In pursuing the project Arantxa has conducted a series of research activities including reviewing Acme’s charitable purposes, mission and operations; detailed desk-based research into the profile of current artist tenants; visiting a range of studio providers throughout the UK, and has carried out an extensive literature review. Contextual research has identified a range of ‘critical factors’ that characterise the studio’s role and function, and this fed into the selection of a representative range of artist tenants for formal recorded interviews, covering Acme’s London buildings, both converted and new-build. The selection was based on objective factors such as an artist’s age, size of studio and distance from home, and more practice-related factors including the nature of the work and the materials, processes and technologies employed.

Thirty-one interviews have been conducted. Undertaken as ‘oral history’ interviews they focus not only on the role and function of the studio for each artist, but importantly capture more general contextual information associated with each artist’s life and the development of their practice, and the parallel history of the use of studio space.
Alongside the interviews a series of specially commissioned photographs by Hugo Glendinning portray the artists and their studios; views and details of the studios as specific types of spaces and of the artists in action.

In parallel with the interviews and photographic essay photographer Moz Bulbeck was commissioned to document a series of 11 near-identical studios which form part of a development of 30 newly-converted spaces at Acme’s Childers Street building in Deptford, SE8. Recorded in October last year the initial images are of the empty studios taken from fixed viewpoints. The resulting images provide a unique and objective record of how artists, representing a wide range of practices, respond differently in their use of these spaces.

The recorded interviews, the photographic essay and the studio documentation not only provide critical research material for the project but, importantly, also constitute an important permanent resource for future study.

Developing a partnership with Acme Studios.

The project has also formed the basis for a number of contributions to the College curriculum and the experience of the students. A series of seminars run by Graham Ellard and Arantxa Echarte with BA Fine Art students have provided an overview of the project, the activities of Acme Studios and the affordable studio provision sector in general. These have prompted and facilitated discussions, eliciting and cross-examining the students’ perceived priorities in terms of studio needs and studio provision. The seminars proved very valuable in drawing the project’s initial findings or research questions into the curriculum and, in return, the project has gained from the students’ responses. Sessions have followed with MA Fine Art students, articulating and examining their expectations and priorities regarding their perceived studio needs on graduation.
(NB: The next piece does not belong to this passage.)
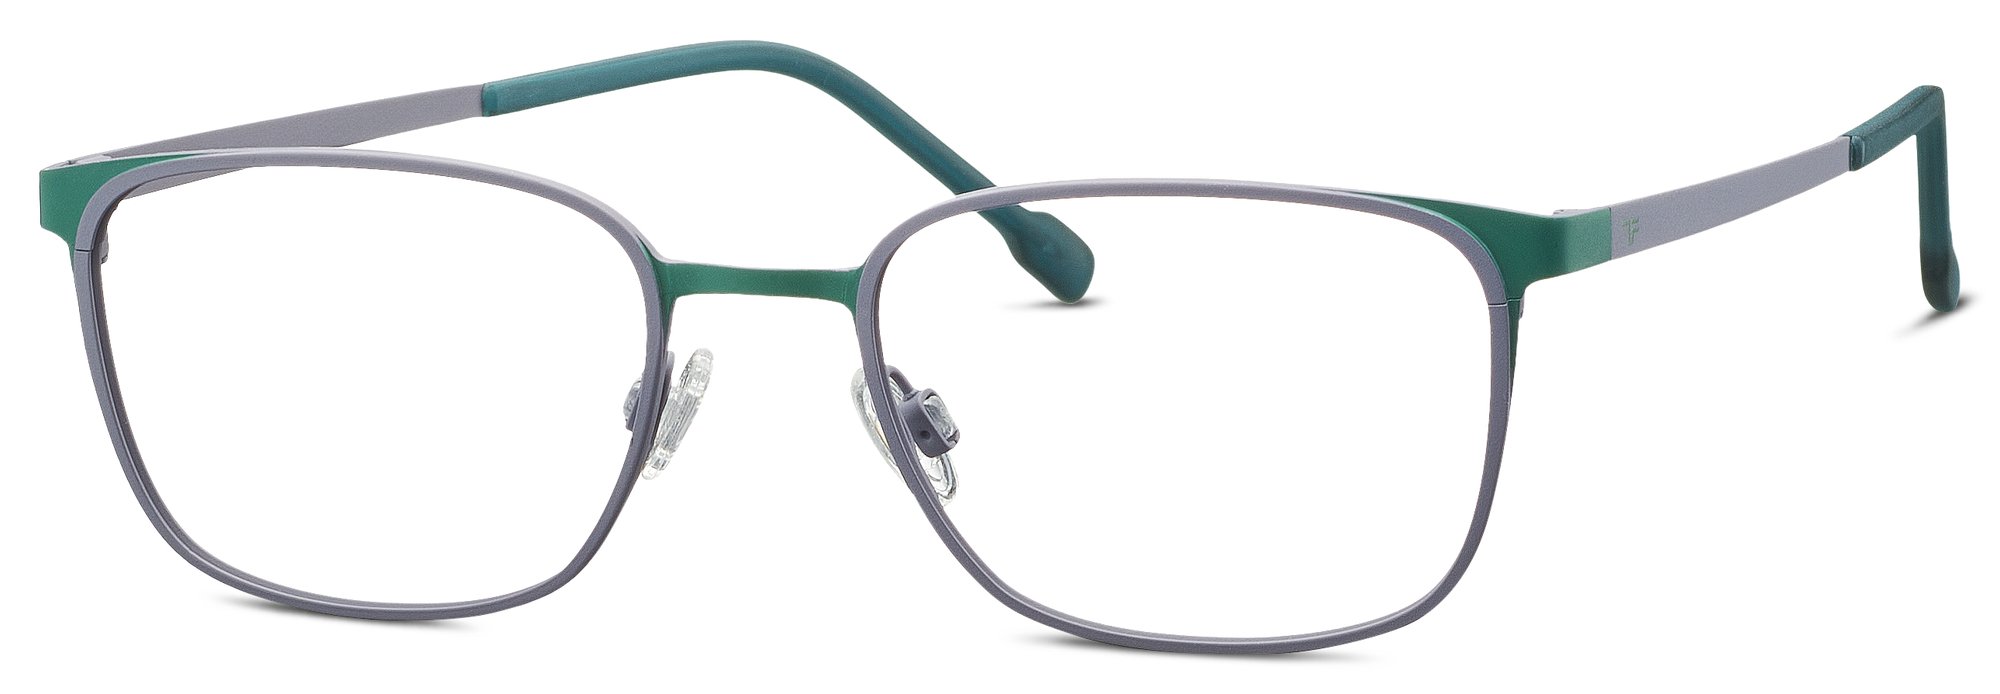 Das Bild zeigt die Korrektionsbrille 830137 40 von der Marke Titanflex Kids in grau.

More recently we collaborated with Oscar Brito and Greg Ross, tutors on the BA Architecture: Spaces and Objects course on a project with their final year students. For this project BA and MA Fine Art students acted as ‘clients’ in a hypothetical commission to design a new studio space. The project involved architecture students visiting artists’ studios in Childers Street (a converted ex-industrial building) and Leven Road (a new purpose-built studio block). The artists taking part; Tete de Alencar, Jack Duplock, Eleanor Moreton and Christy Symington, then visited Central Saint Martins to participate in a follow-up workshop crit.

Future developments

Both Central Saint Martins and Acme intend that this creative dialogue between the two organisations will continue and will lead to future partnerships. For the School of Art the project represents an invaluable opportunity to build relationships with the worlds of professional practice into which its students move on graduation, and that they themselves can begin to influence.

For Acme, sustaining affordable, high-quality and appropriate studio provision in London in what is likely to become an increasingly challenging economic environment for artists and arts organisations alike, will leave little margin for error. Acme’s future (and current) programmes and developments will benefit enormously from research to provide a better and more in-depth understanding of their beneficiaries’ needs. The project with Central Saint Martins therefore is particularly important for Acme at a time when a number of new capital projects are in development, in addition to their permanent new-build studios opening this year – 49 studios at Matchmakers Wharf, Homerton, E9 and 27 studios at Warton House on Stratford High Street, E15.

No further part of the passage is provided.